Tributes flood in at news revered Canadian composer R. Murray Schafer has died

“Father of acoustic ecology” is also credited with creating the concept of soundscape

Composer R. Murray Schafer. Photo courtesy Analekta

Composer R. Murray Schafer. Photo courtesy Analekta

 
 

THE “FATHER of acoustic ecology”, revered Canadian composer R. Murray Schafer, passed away on August 14 at 88, after a long battle with Alzheimer’s Disease.

He penned more than 150 works, spanning opera, chamber music, choral work, and symphonies. A true renaissance man, he was also an environmentalist, writer, visual artist, musicologist, and educator. His groundbreaking works are still regularly performed by Vancouver ensembles, choirs, and events, from the Sonic Boom Festival to musica intima to the Vancouver Chamber Choir.

Born in Ontario and trained in Britain, he had deep ties to BC, where he was an instructor at SFU from 1965 to 1975. While there, he established the World Soundscape Project. Sparked by his concern for the degradation of Vancouver’s urban soundscape, his project was focused on studying the relationships between people and their acoustic environments. Though in 1975 he moved to a farm near Bancroft, Ontario, he remained affiliated with the project. His books The Book of Noise and The Tuning of the World emerged from the initiative and its study of creating harmony between humans and their sonic environment.

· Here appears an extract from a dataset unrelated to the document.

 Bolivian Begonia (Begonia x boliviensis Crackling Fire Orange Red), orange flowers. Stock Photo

Nature inspired many of his works, whether it was a string quartet based on the rhythmic intervals of cresting waves or Music for Wilderness Lake, a score for 12 trombones positioned around a small rural lake.

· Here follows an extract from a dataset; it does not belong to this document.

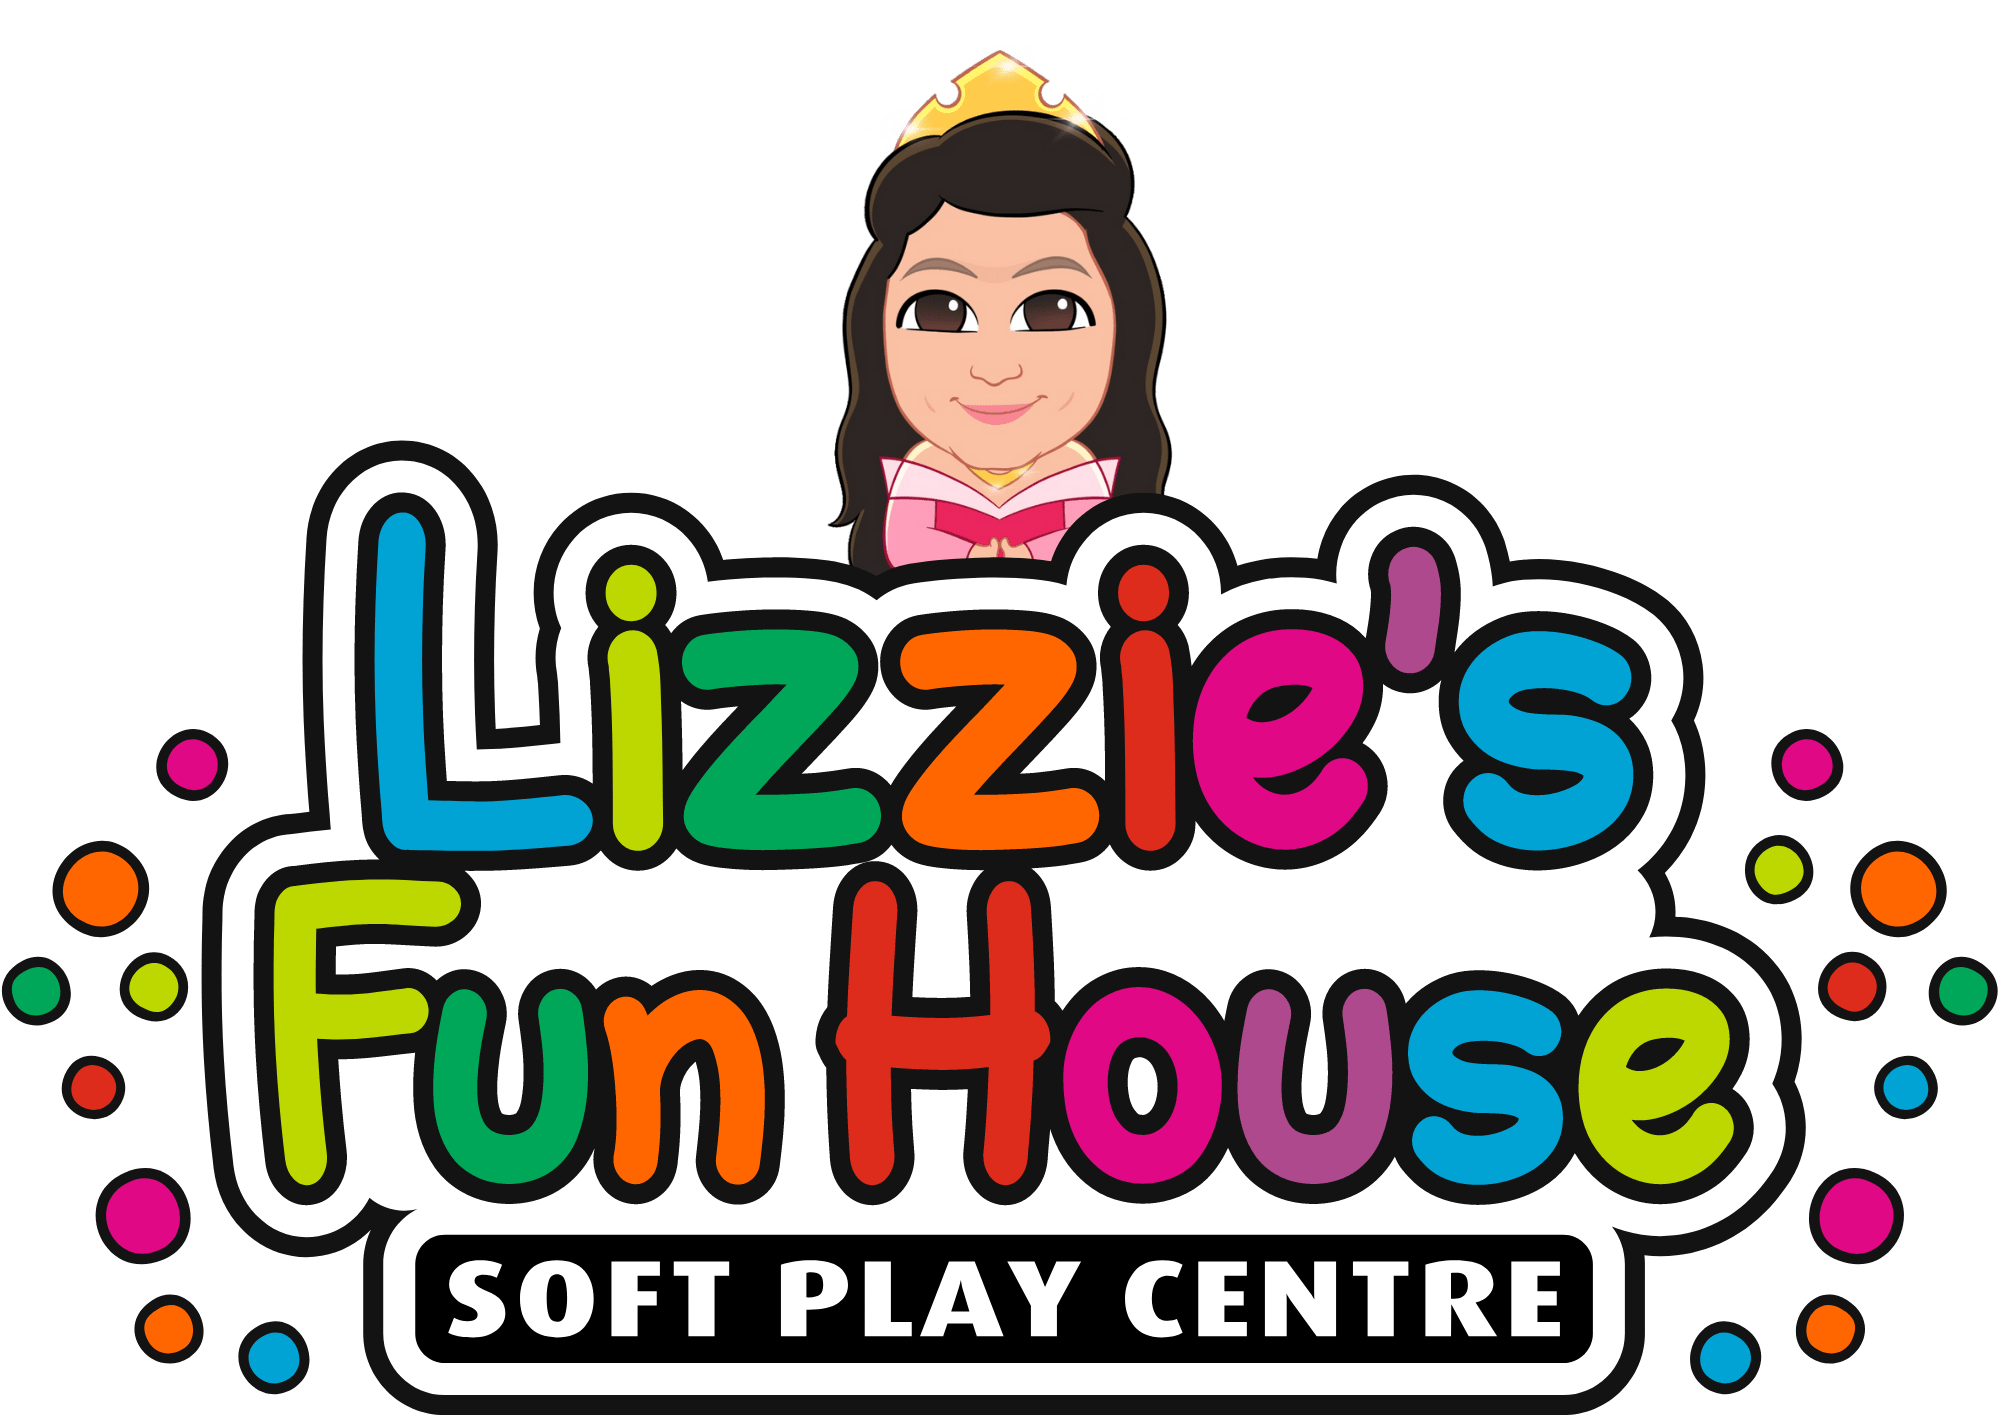 Lizzie’s Fun House

But his influences were vast, from Eastern thought and religion (Ko wo kiku for the Kyoto Symphony Orchestra incorporated a Japanese incense ceremony in its first movement) to more urgent social, political, or historical themes (Statement in Blue, Threnody, a moving commentary on the bombing of Nagasaki, or Requiems for the Party Girl, about the mental collapse and suicide of a young woman).

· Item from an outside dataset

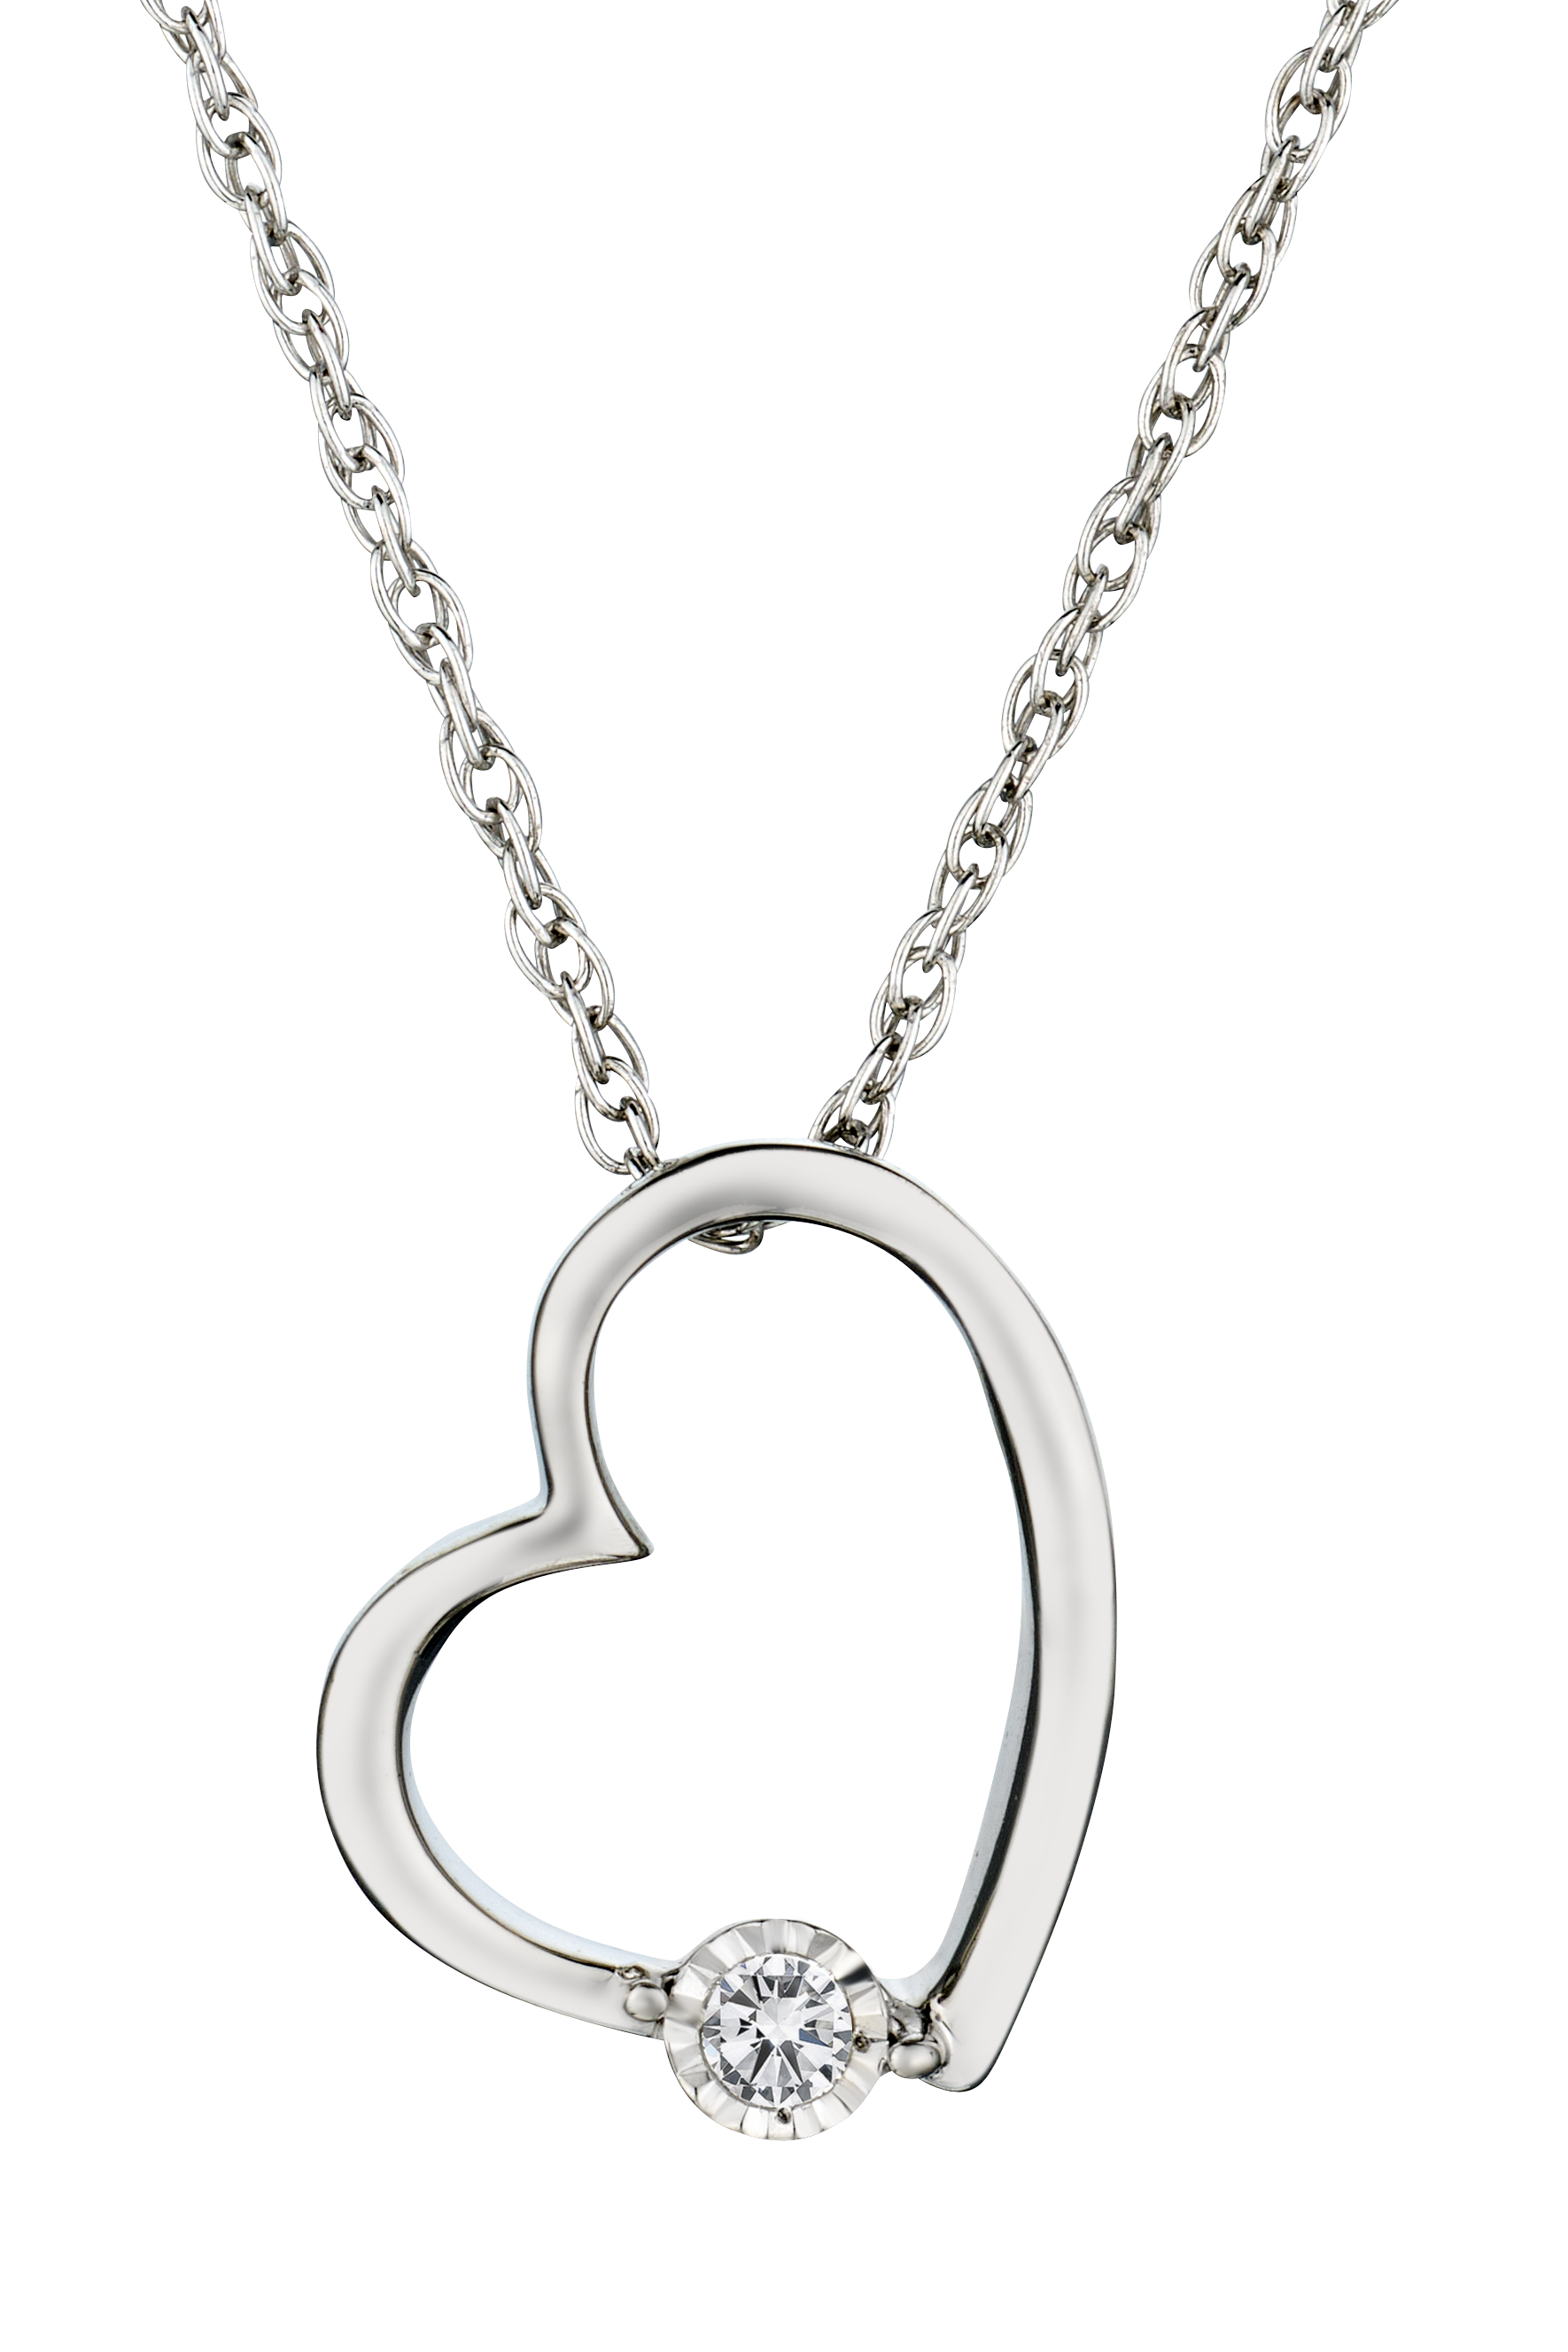 .04 Carat of Lab Grown Diamond "Heart" Pendant, Silver.....................NOW

Amid his musical theories that are still influential today, he is credited with coining and creating the concept of soundscape.

His many honours over the decades include several Juno Awards, a Governor General’s Award for Lifetime Achievement in the Arts, the triennial Glenn Gould Award, Japan’s Koizumi Prize, and the Canada Council's Walter Carsen Prize.

When he earned the Governor-General’s Companion of the Order of Canada, the honour read: “Murray Schafer is widely regarded as one of the most important Canadian composers of the 20th century. With his singular voice and stunning creativity, he is renowned for infusing his choral, orchestral, chamber music and opera pieces with a distinctly Canadian spirit. His global impact is also reflected in his pioneering writings on acoustic ecology, which studies the relationships between people, sound and the environment. As founder of the World Soundscape Project at Simon Fraser University, he has encouraged academics and musicians to record and preserve the sonic environment of the planet. He remains one of the few Canadian composers to enjoy an international following.”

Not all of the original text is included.